MGM Growth Properties Prices 30M Share Offering @$31.25/Share

MGM Growth Properties LLC (NYSE: MGP) (the "Company") today announced that it has priced its previously announced underwritten public offering of 30,000,000 ClassA shares (the "shares") at a public offering price of $31.25 per share.

Benzinga · 11/20/2019 09:28

MGM Growth Properties LLC (NYSE: MGP) (the "Company") today announced that it has priced its previously announced underwritten public offering of 30,000,000 ClassA shares (the "shares") at a public offering price of $31.25 per share. The Company will issue and sell 18,000,000 shares directly to the underwriters at closing and the underwriters will purchase, at the request of the Company, 12,000,000 shares from the forward purchasers (or their affiliates) under the forward sale agreements (in each case, as described below). The Company expects to receive net proceeds from the sale of the 18,000,000 shares sold directly to the underwriters of $540.8million, or $676.1million if the underwriters exercise their overallotment option to purchase additional shares in full. As part of the offering, the Company also granted the underwriters a 30-day overallotment option to purchase up to an additional 4,500,000 shares from the Company. The 30,000,000 shares represented an increase of 6,000,000 shares from the original offering size of 24,000,000 shares. The offering is expected to close on November22, 2019, subject to customary closing conditions.

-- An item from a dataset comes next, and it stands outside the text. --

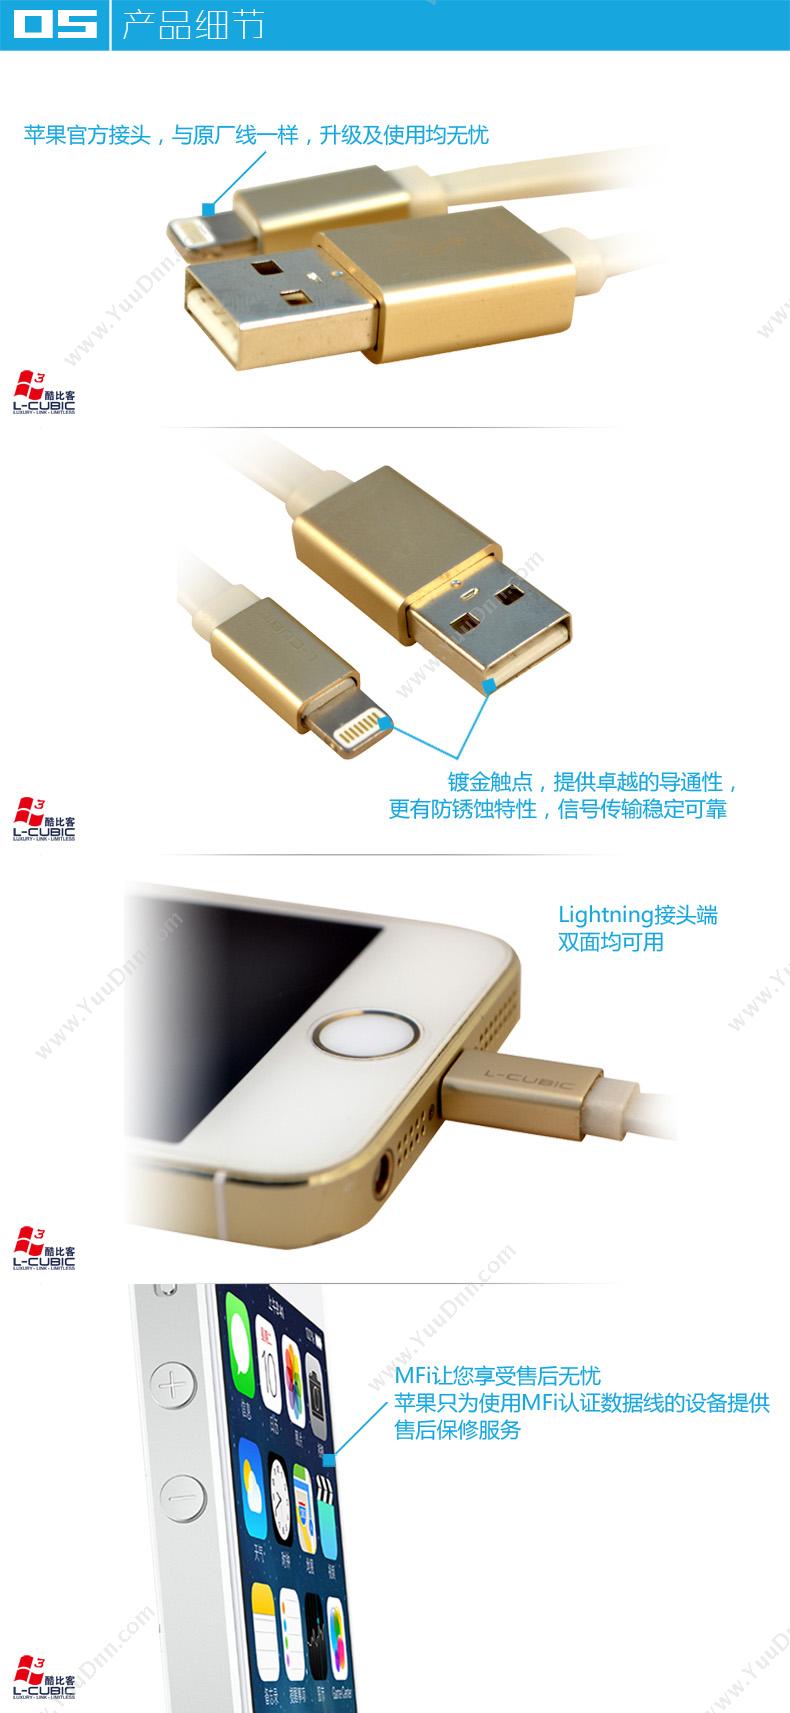 酷比客 L-Cubic LCIMAPSBMCWHGD-2M  苹果数据线 金属外壳/白色扁线 金色 1根 USB AM-Lightning用于iPhone5 iPhone5s iPhone6 Plus iPad4 数据传输与充电 集线器

The Company has entered into forward sale agreements with each of J.P. Morgan Securities LLC, Morgan Stanley & Co. LLC and BofA Securities (or their respective affiliates) (who are referred to in this capacity as the "forward purchasers") with respect to 12,000,000 shares. In connection with the forward sale agreements, the forward purchasers or their affiliates are expected to borrow and sell to the underwriters an aggregate of 12,000,000 shares that will be delivered in the offering.

Pursuant to the terms of the forward sale agreements, and subject to its right to elect cash or net share settlement under certain conditions, the Company intends to deliver, upon full physical settlement of such forward sale agreements on one or more dates specified by the Company occurring no later than approximately nine months following the completion of the offering, an aggregate of 12,000,000 shares to the forward purchasers in exchange for cash proceeds per share equal to the applicable forward sale price, which will initially be the public offering price less the underwriting discount and will be subject to certain adjustments as provided in the forward sale agreements.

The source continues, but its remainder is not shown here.